For now, Sanofi’s U.S. inventory is insulating the company from a potential 15% tariff on drugs shipped from the EU.
Sanofi CFO François Roger has expressed confidence that tariffs will have little impact on the company in 2025.
Speaking on Sanofi’s second-quarter results earnings call, Roger said it is difficult to predict the impact because of uncertainty about what actions the White House will take. The trade deal with the European Union establishes a 15% tariff on imports from Europe, where Sanofi is based, but CEO Paul Hudson told investors it remains unclear whether “it’s a 15% tariff with a caveat or a 15-plus or a 15-less.”
Amid the uncertainty, Sanofi has run various scenarios based on the proposals reported in the media to understand how tariffs could affect finances in 2025. The models suggest Sanofi has little to fear for now.
“We did not factor it in our guidance, but it will have a limited impact on 2025 because we already have inventory in place in the U.S.,” Roger said. “With what we know today and what we read in the media, we don’t think that it will impact our guidance in any way for 2025.”
Hudson fielded a broader question about tariffs, Most Favored Nation pricing and the balance in funding for innovative drugs between the U.S. and Europe. Hudson said nobody knows what will happen but Sanofi is prepared for delivering guidance this year, “so don’t feel we’re casual about it because we’re absolutely not.”

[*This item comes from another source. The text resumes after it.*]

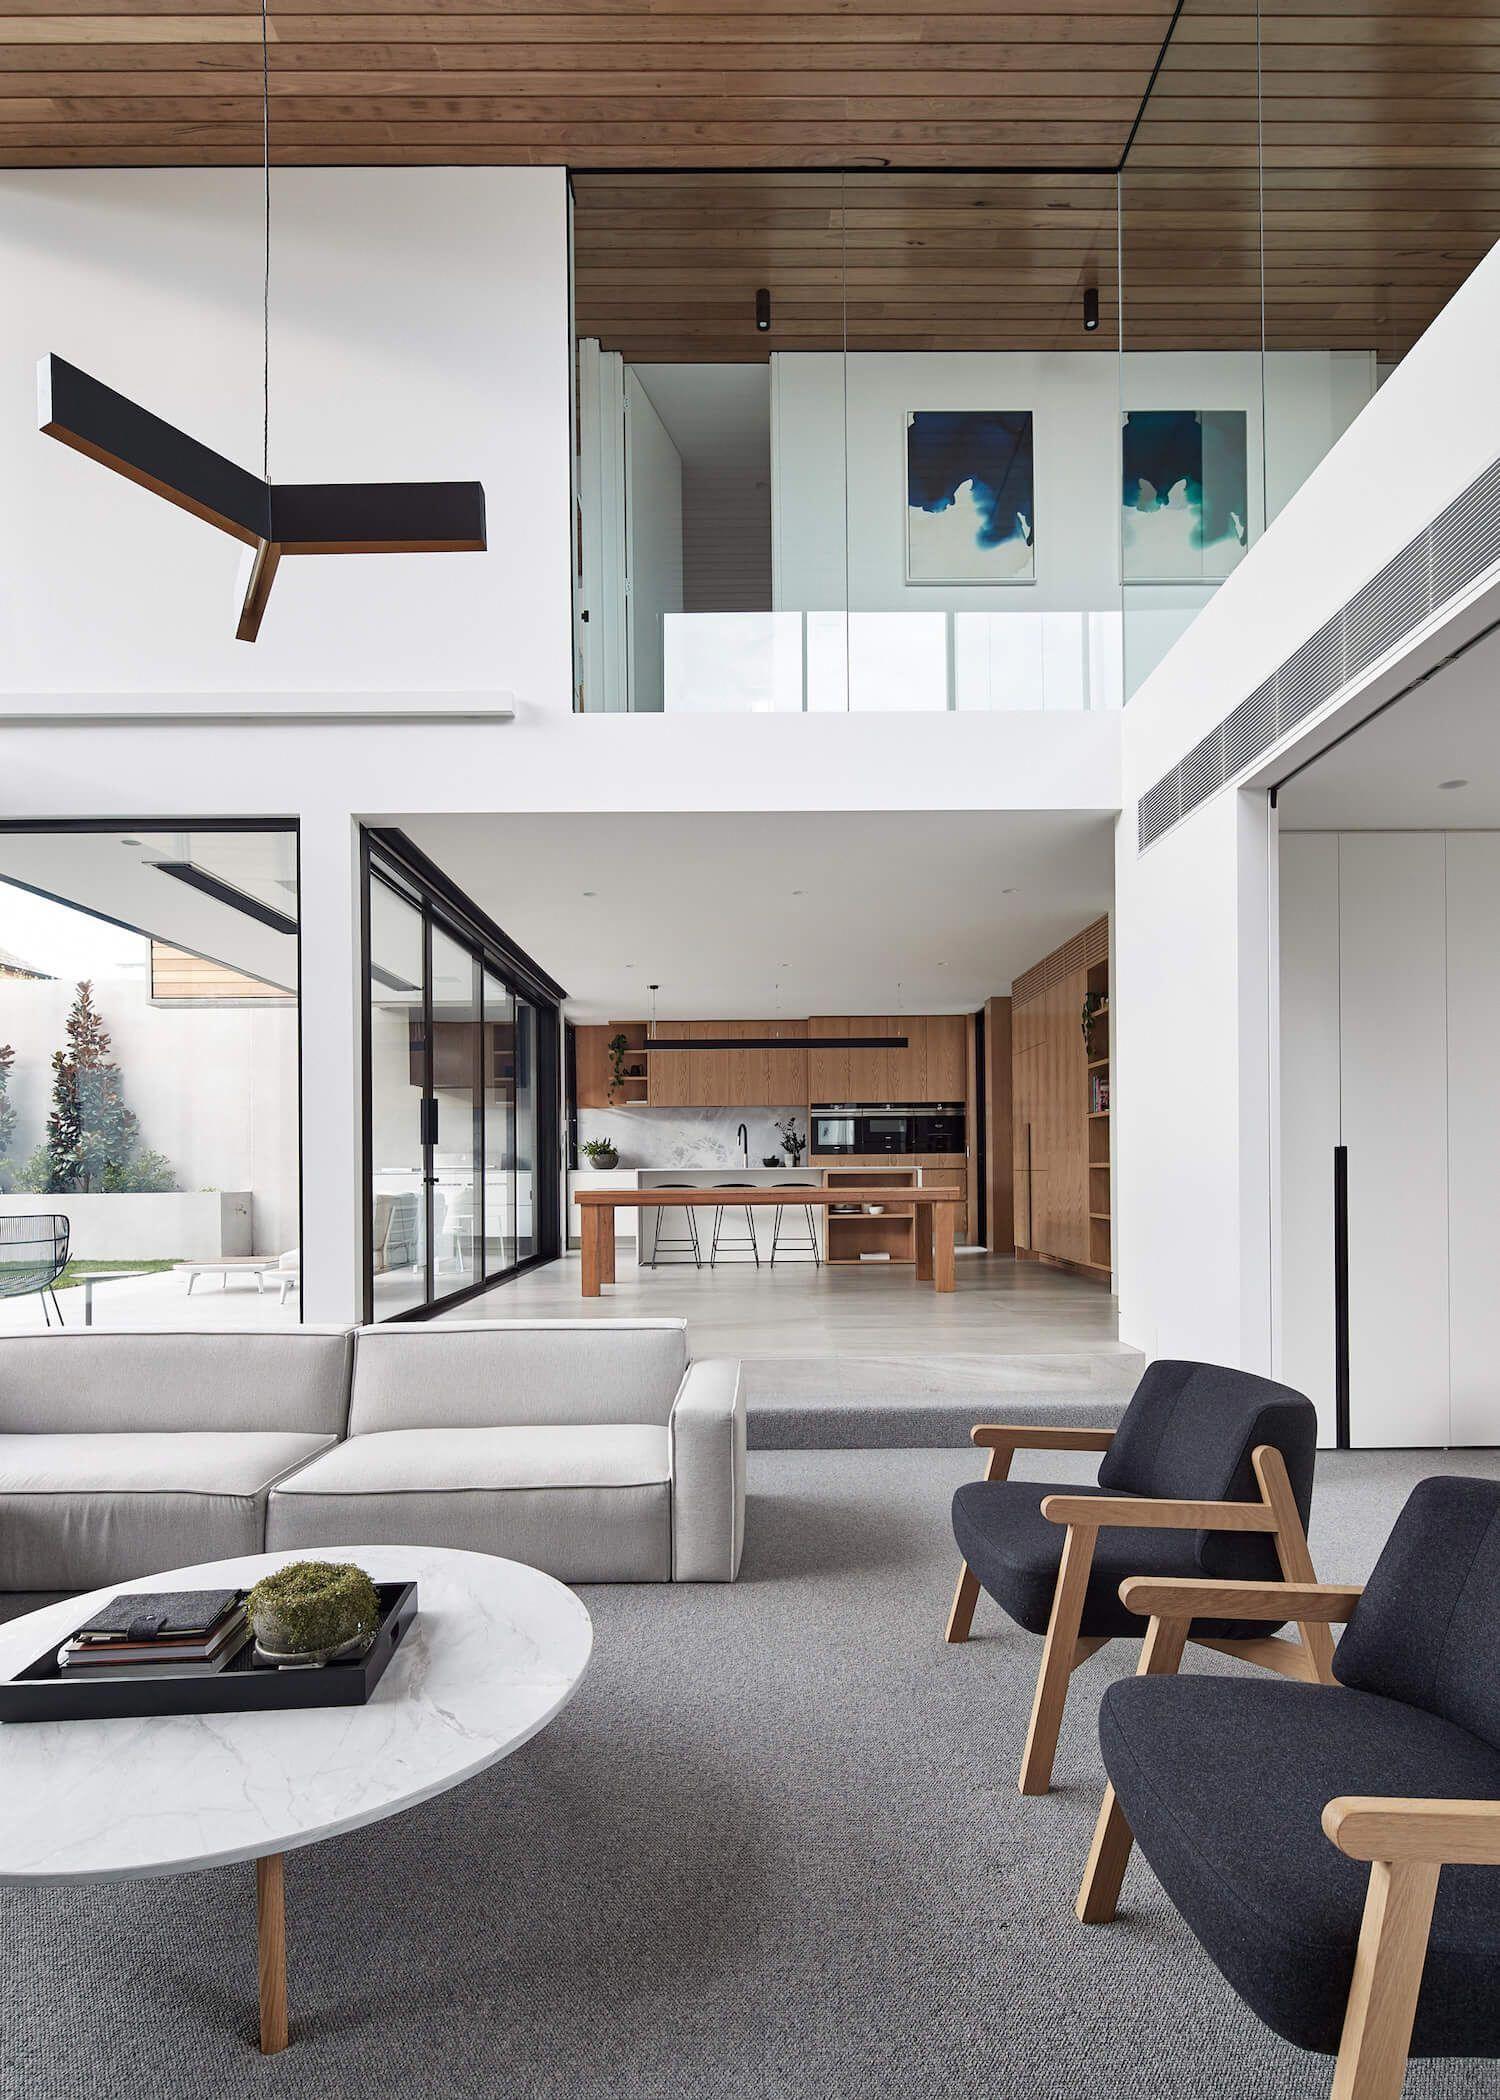 Design fgr architects photography peter bennetts sweet home make sweethomemake also rh pinterest
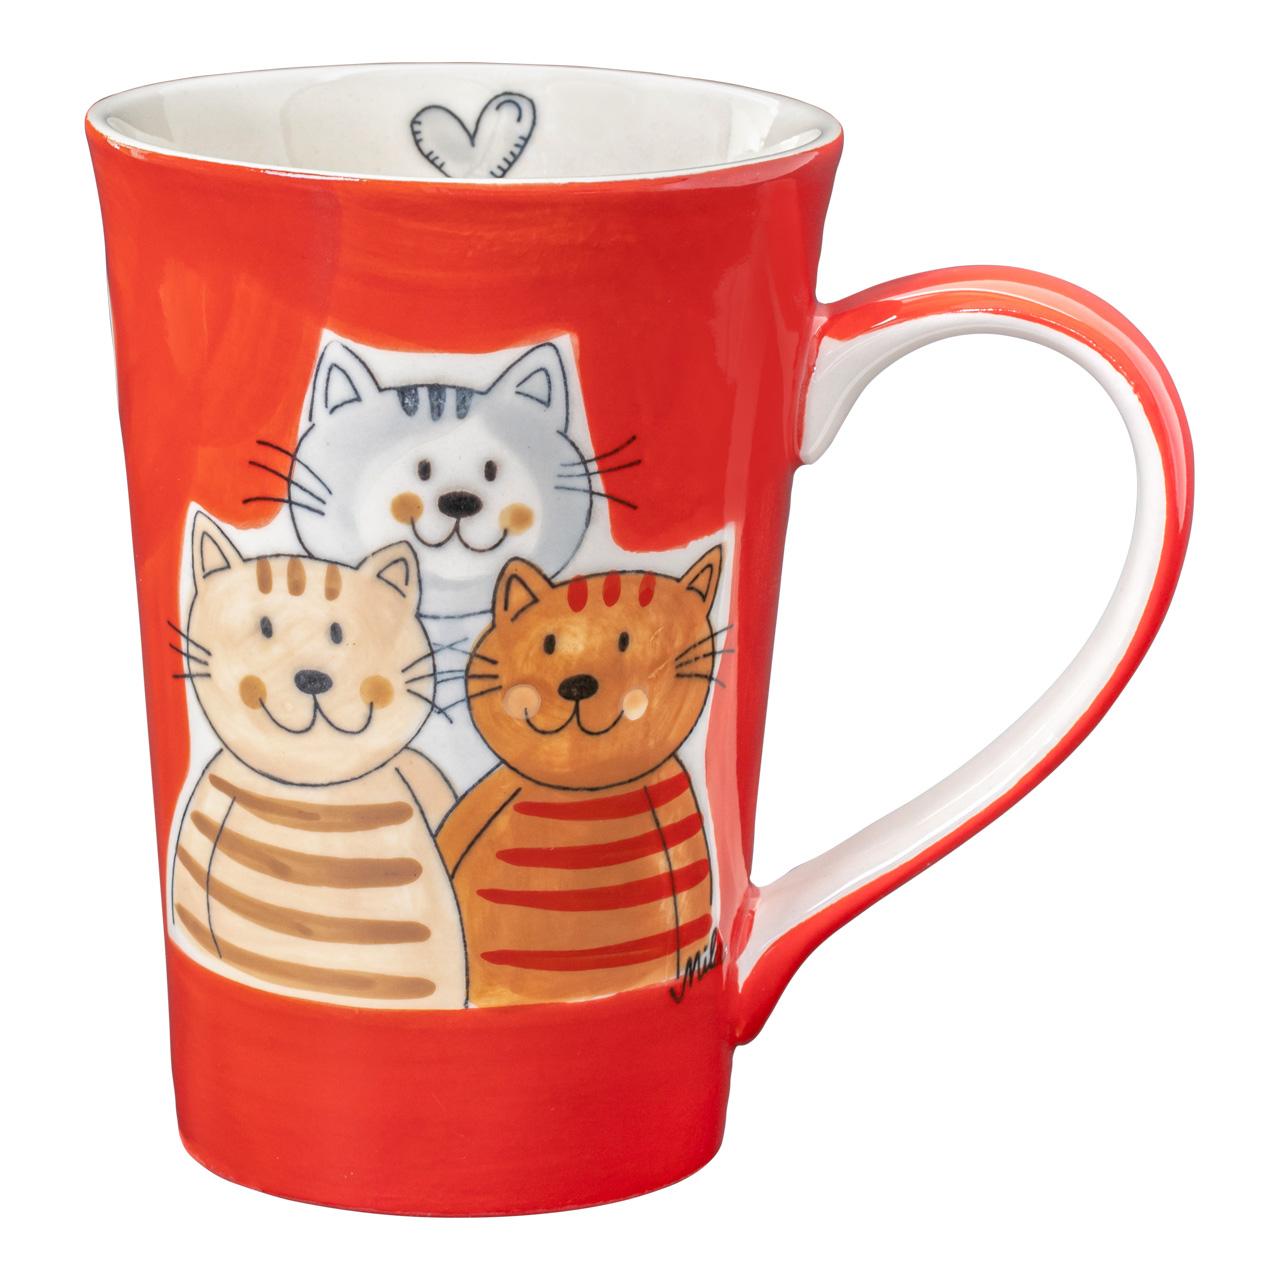 Teebecher - Cuddly Cats

President Donald Trump has accused other countries of freeloading, fueling debate about differences in drug prices and healthcare spending between the U.S. and EU. Hudson made the case for EU countries putting in place the budgets to ensure patients can access innovative therapies.
“There’s a lot of people who could contribute to economies and GDP if medicines were made available to them,” Hudson said. “I’m as interested in budgets for health giving access to innovation for more patients as I am in the price conversation. We will see where it nets out. As a healthcare company, we’d like to see more patients get access.”
Hudson was speaking after Sanofi reported 10.1% sales growth at a constant exchange rate in the second quarter. The growth led Sanofi to predict a high single-digit percentage increase in sales for the full year. Sanofi’s revised forecast narrows its 2025 outlook at the top end of the previously predicted mid-to-high single-digit range.
Dupixent drove growth in the second quarter. Supported by its launch in chronic obstructive pulmonary disease, Dupixent sales grew more than 20% to 3.8 billion euros ($4.3 billion). Sales of three of Sanofi’s other main medicines—Lantus, Toujeo and Praluent—grew by 10% or more. Sanofi attributed the growth in sales of the long-acting insulin Lantus to windfall sales due to the unavailability of competing medicines.
Sales of nine newly launched medicines and vaccines rose 47.3%. Hemophilia A therapy Altuviiio led the way with revenues of 291 million euros ($333 million), an increase of more than 90% over the second quarter of 2024. Sanofi said growth of Altuviiio, which the FDA approved in 2023, was driven by patients switching from older plasma-derived and recombinant factor medicines and to a lesser extent from non-factor drugs.